I assume you are getting the "2.4" gamma number for Display P3 from the RGB "parametric tone response curve" properties? That's the only place I see gamma numbers. But it should be noted that the default "Color LCD" and my calibrated profile also show "2.4" for those same properties. So I don't think those properties mean that the profile overall is using a 2.4 gamma. The standard these days is clearly 2.2 ... ?

With the X-rite SW you input your target values for the calibration, perform the calibration with the colorimeter and at the end you get various before and after comparisons. As I mentioned X-rite provides tone response curves before and after calibration, i.e. gamma in curve form. The difference was tiny and could in no way account for the differences you see.

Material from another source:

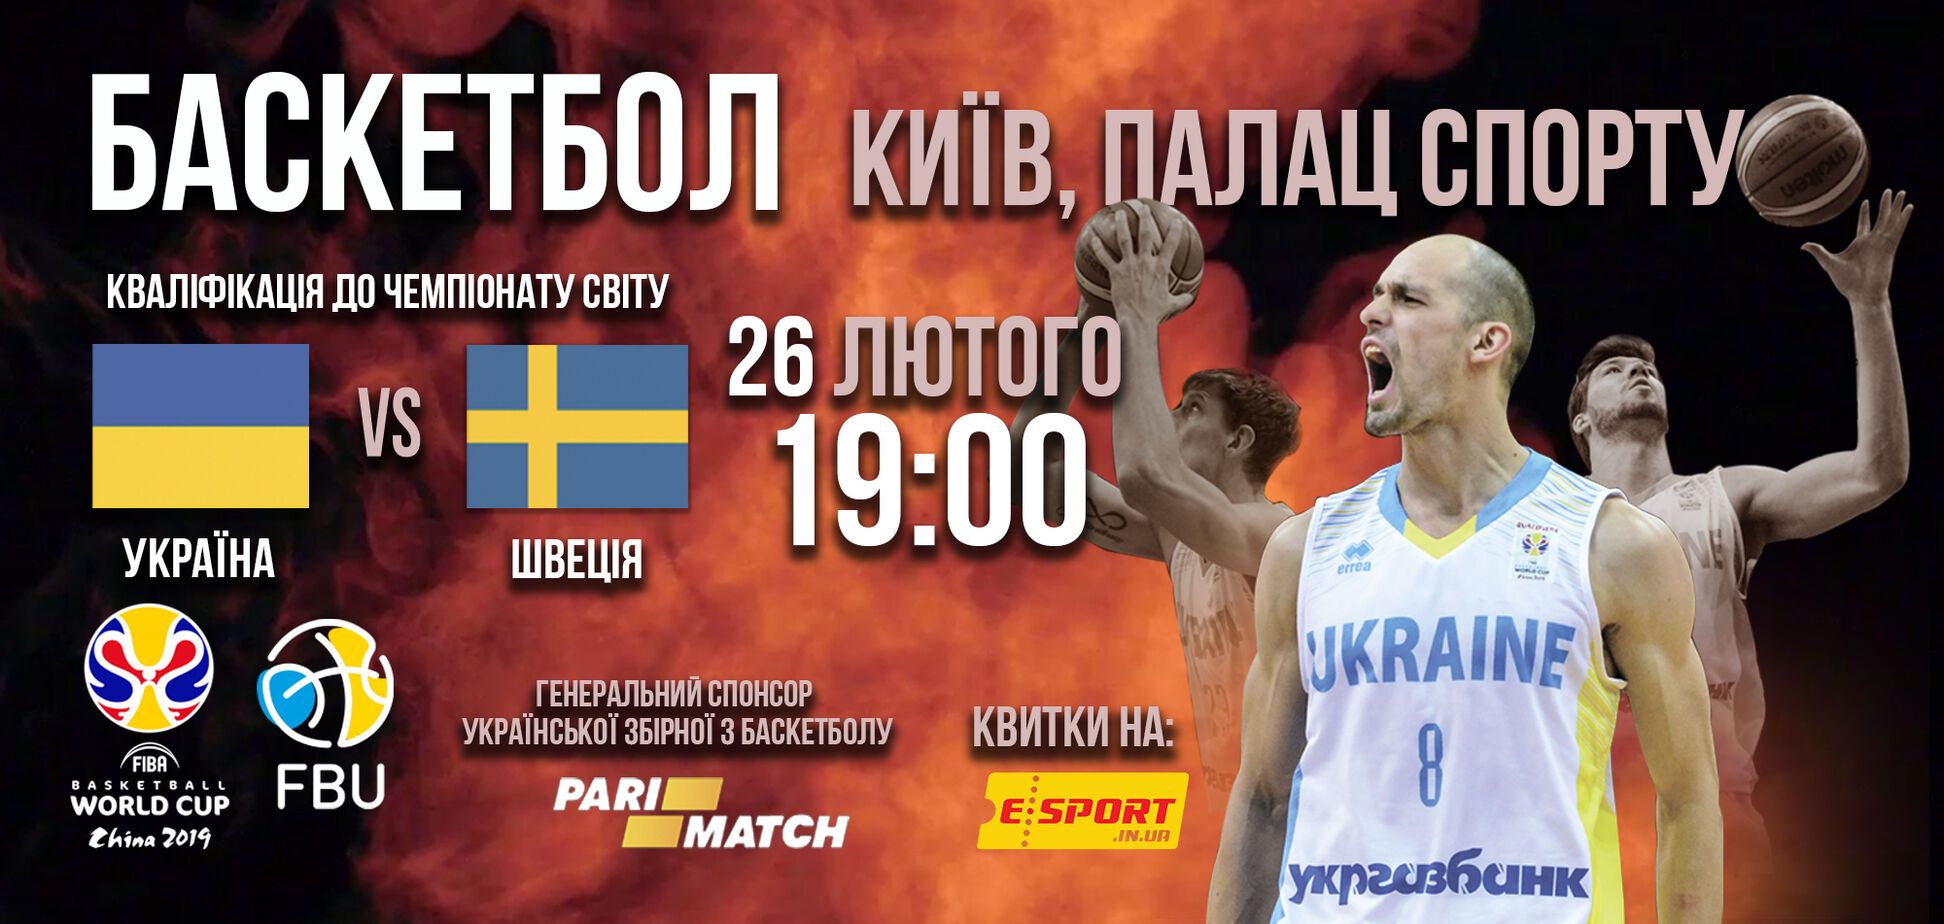 Отбор Кубка мира по баскетболу-2019: где купить билеты на киевский матч Украина - Швеция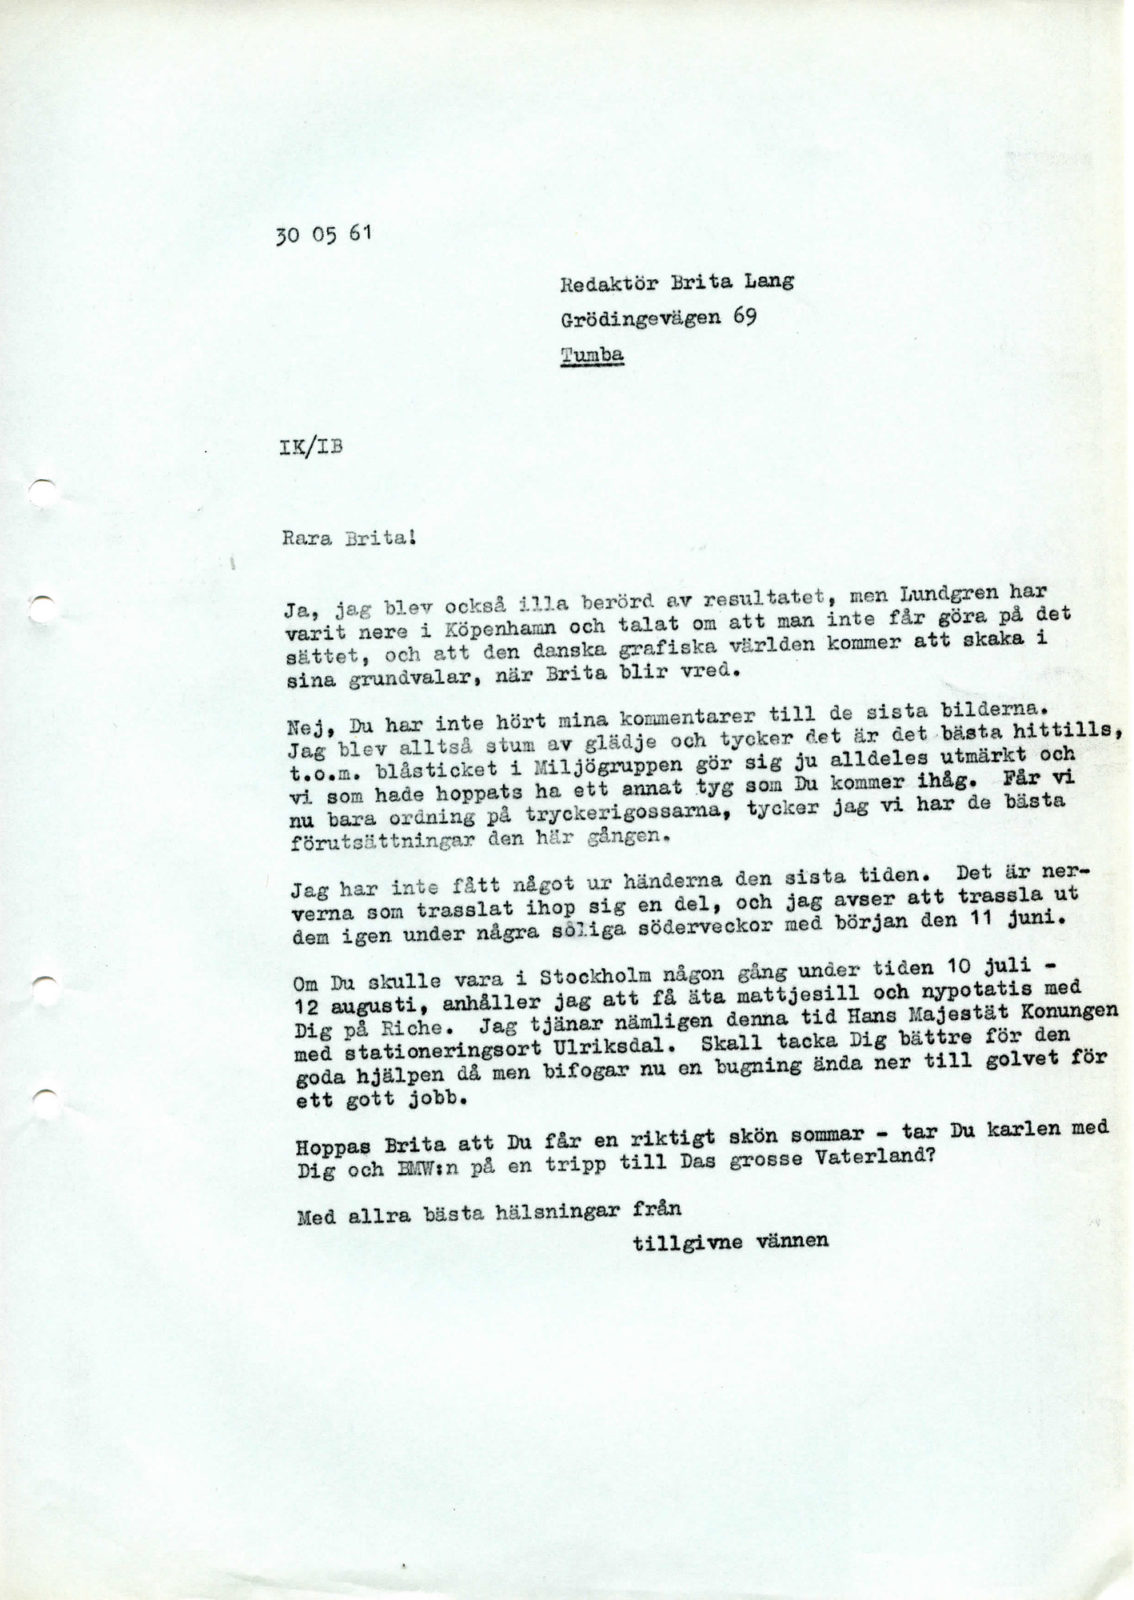 Typewritten letter from Ingvar Kamprad to Brita Lang, 30 May 1961.

If I switch between my own profile and the "Display P3" I get a small difference in brightness, probably due to that I have calibrated for 100 nits instead of the standard 120. Again I do not see anything like what you are seeing. And I see no difference due to the GPU.

I do not know how to get X-rite to directly measure gamma put if you know how I could do that.

Right, so when I do the simple built-in color calibration I always end up getting an estimated native gamma of around 1.69/1.7. And if I use this gamma it is clearly way less contrasty than using 2.2. When I try using the "Display P3" profile, the screen is similar to when I try the native gamma of 1.7.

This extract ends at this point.